Clonal hematopoiesis of indeterminate potential- a potential risk factor for GI malignancies Free

Introduction

Clonal hematopoiesis of indeterminate potential (CHIP) occurs when a hematopoietic stem cell undergoes clonal proliferation as a part of normal aging. Commonly involved genes include DNMT3A, TET2, ASXL1, and JAK2 and rarely, KRAS, PIK3CAand EGFR. Most people are asymptomatic, but it can seldom lead to myelodysplastic syndrome and acute myeloid leukemia. More commonly, these disorders lead to a proinflammatory state, increasing the risk of cardiovascular disease at similar rates as metabolic risk factors. In recent years, the association with non-hematological malignancies, especially gastrointestinal cancers, has been studied. In the review, we have summarized the association of GI malignancies with CHIP and the mutations that increase such risk.

Methods

Among patients with CHIP (P), the risk of gastrointestinal malignancy (O) compared to individuals without CH (C), based on observational studies (E) was studied. PubMed, Scopus, Google Scholar, Embase, Cochrane Library, Web of Science, and Crossref were explored for observational studies exploring the association. After excluding duplicates, case reports, and animal studies, 7 studies were selected. From the seven studies, only 5 exclusively focused on gastrointestinal malignancy. It included 3 case-control and 2 cohort studies. PRISMA guidelines were followed, and the Cochrane risk of bias tool was then used for the selected studies, indicating heterogeneity due to different study types.

Results

The combined prevalence of CHIP in GI malignancies, including HCC, CRC, and pancreatic adenocarcinoma across the cohort studies, is approximately 19.7%. The pooled odds ratio of CHIP is approximately 1.24, with a 95% confidence interval of 1.11 to 1.39, suggesting a modest but statistically significant relationship. TET2 showed a consistently elevated risk across CRC and HCC. ATM had a strong association with CRC. ASXL1 and DNMT3A were associated with gastric cancer, with odds of around 2. Females and older individuals were at a higher risk.

Discussion

The possible correlation between CHIP and gastrointestinal cancer is a proinflammatory state and an impaired T cell function.

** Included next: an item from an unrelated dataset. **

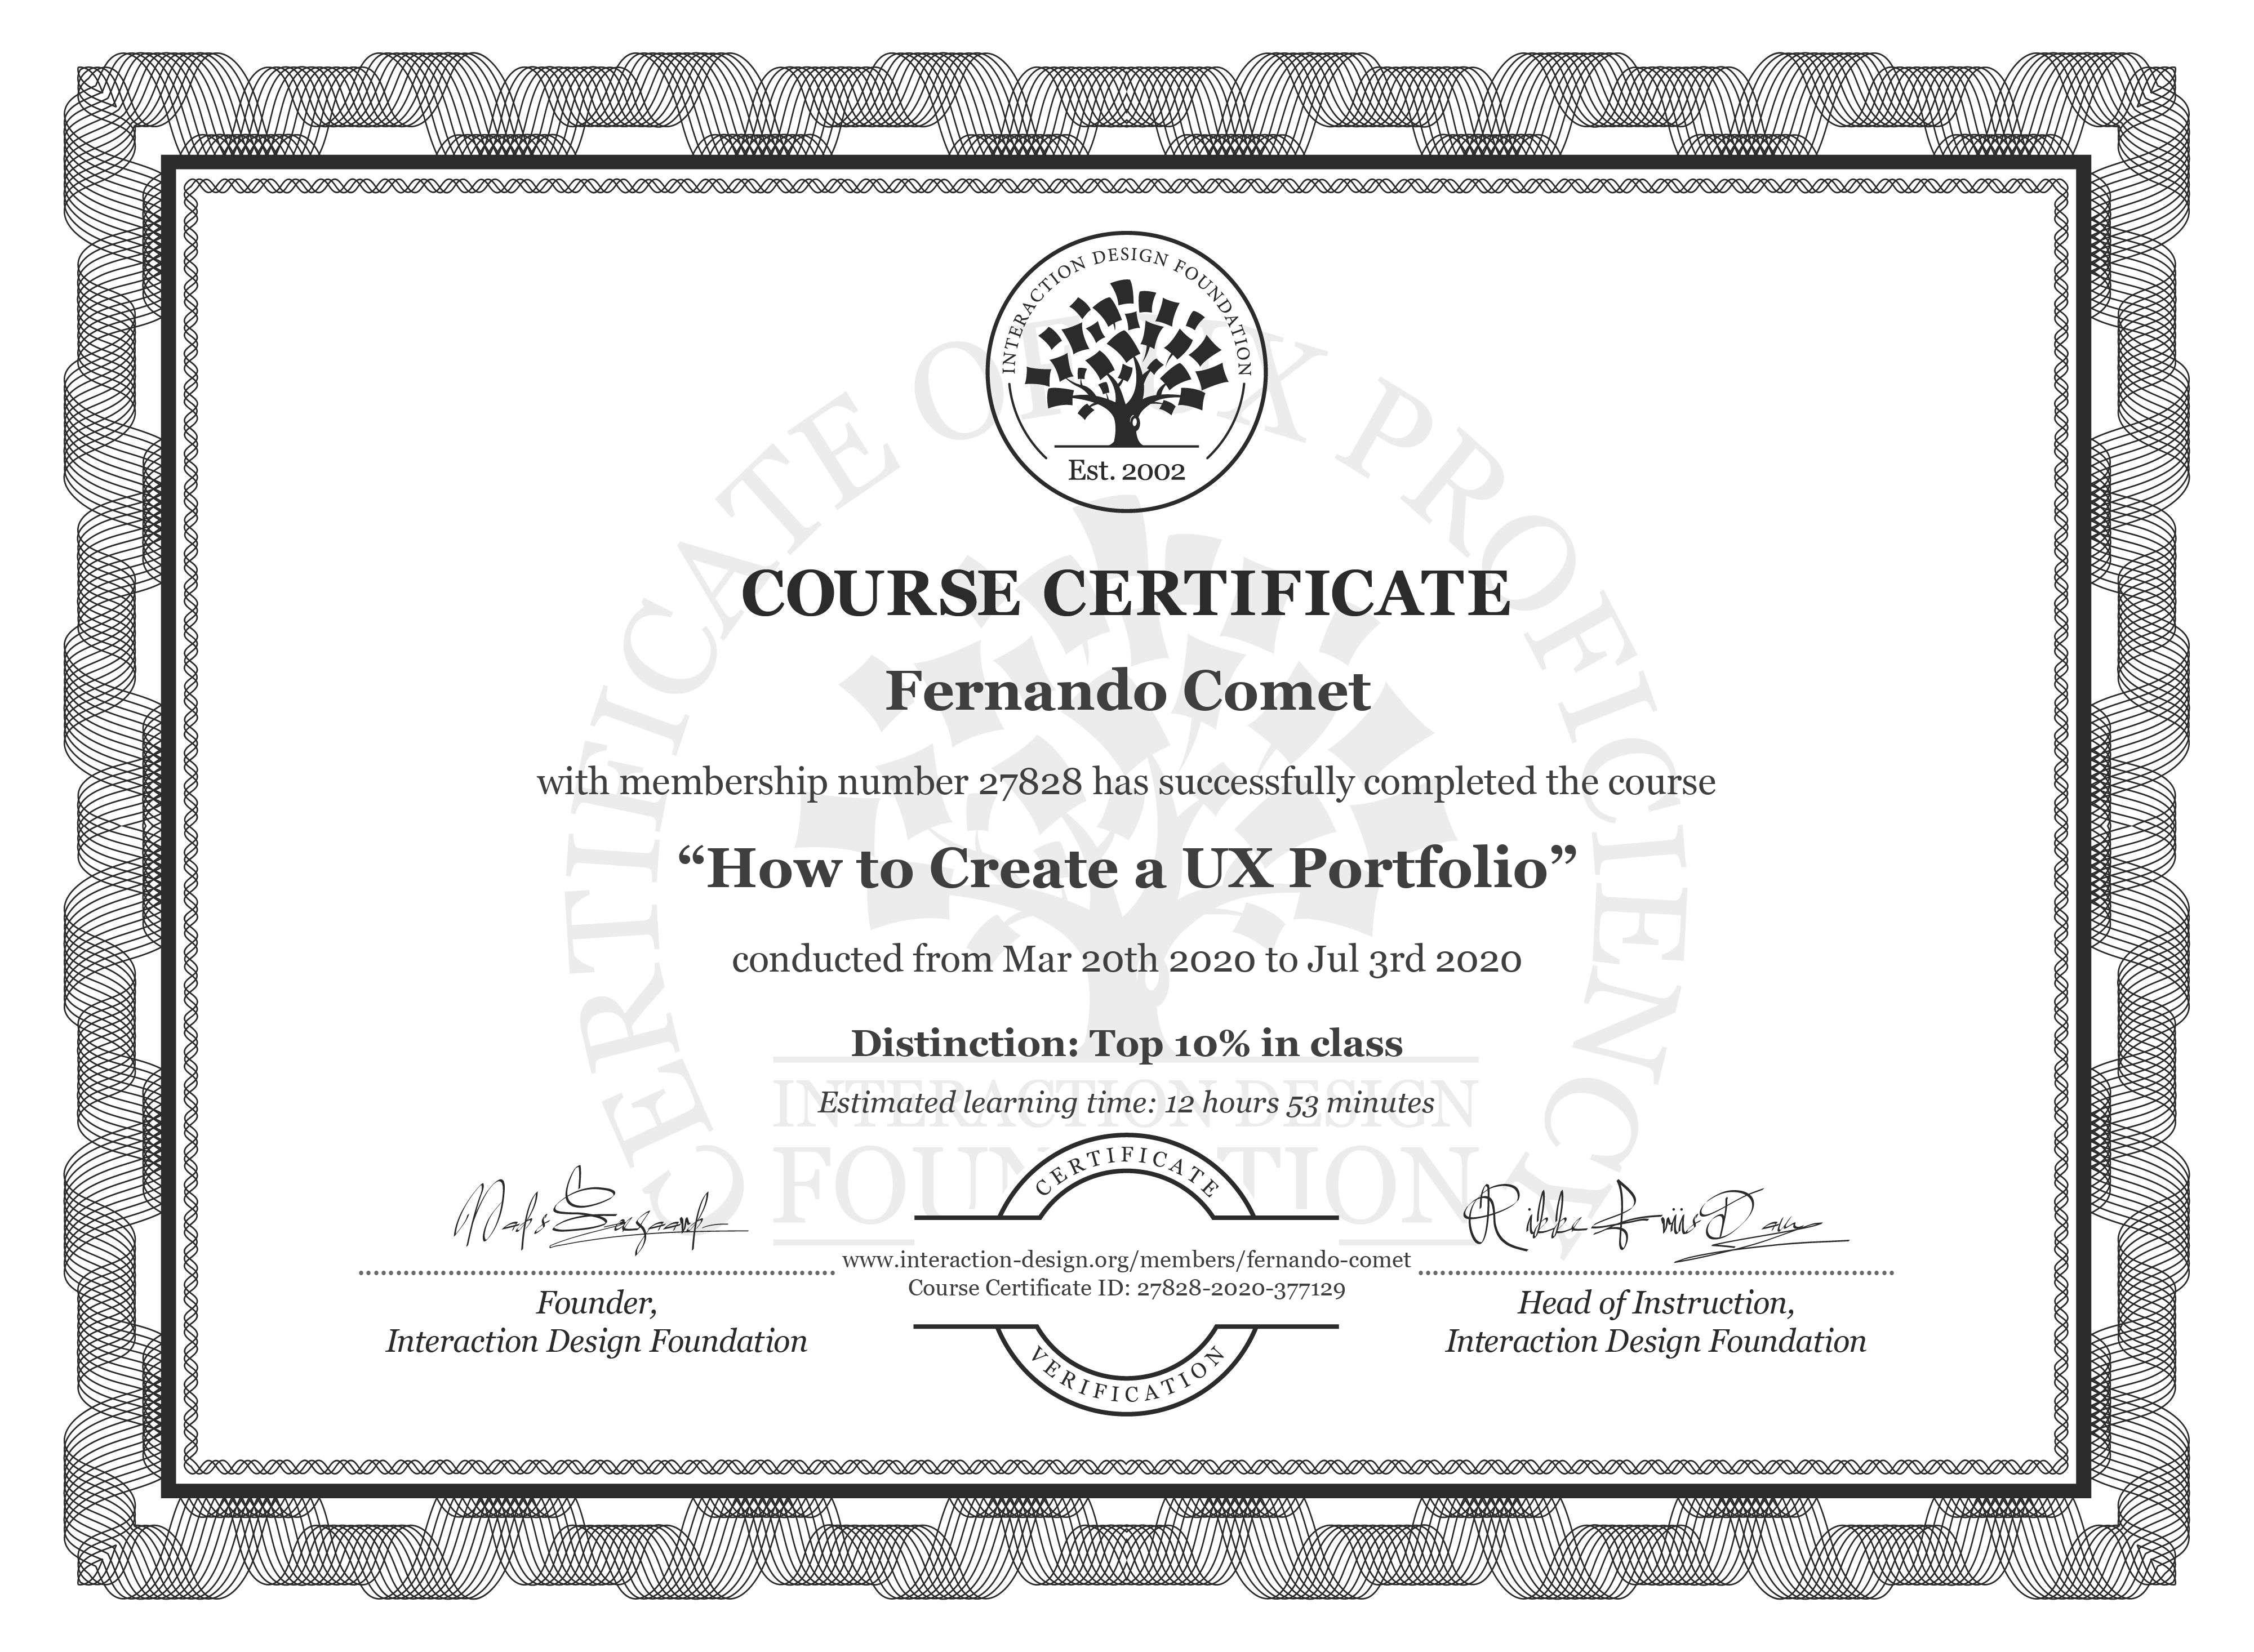 Fernando Comet's Course Certificate: How to Create a UX Portfolio

TET2 mutation in macrophage and DNMT3 mutation in mast cells induce IL-6, IL-8, and TNF-alpha activity. This has been associated with inflammation in the gut lining, H. pylori, and elevation in transaminases with fibrosis. These have been risk factors in GI malignancies, hence indicating an indirect causation. However, the incidence is higher in older individuals. Age might be a confounding factor since CHIP and malignancies both occur in the older population, and a higher incidence amongst that group reflects the same.

Conclusion

CHIP has been associated with GI malignancies in previous studies and our review. Causation has been implicated by a pro-inflammatory state and indirect risks. However, limitations, including confounding with age, need to be explored. Currently, no guidelines exist to test for CHIP or early surveillance in people with CHIP for GI malignancies. Hence, more prospective studies with age-stratified groups need to be performed to determine the link and tailor future actions accordingly.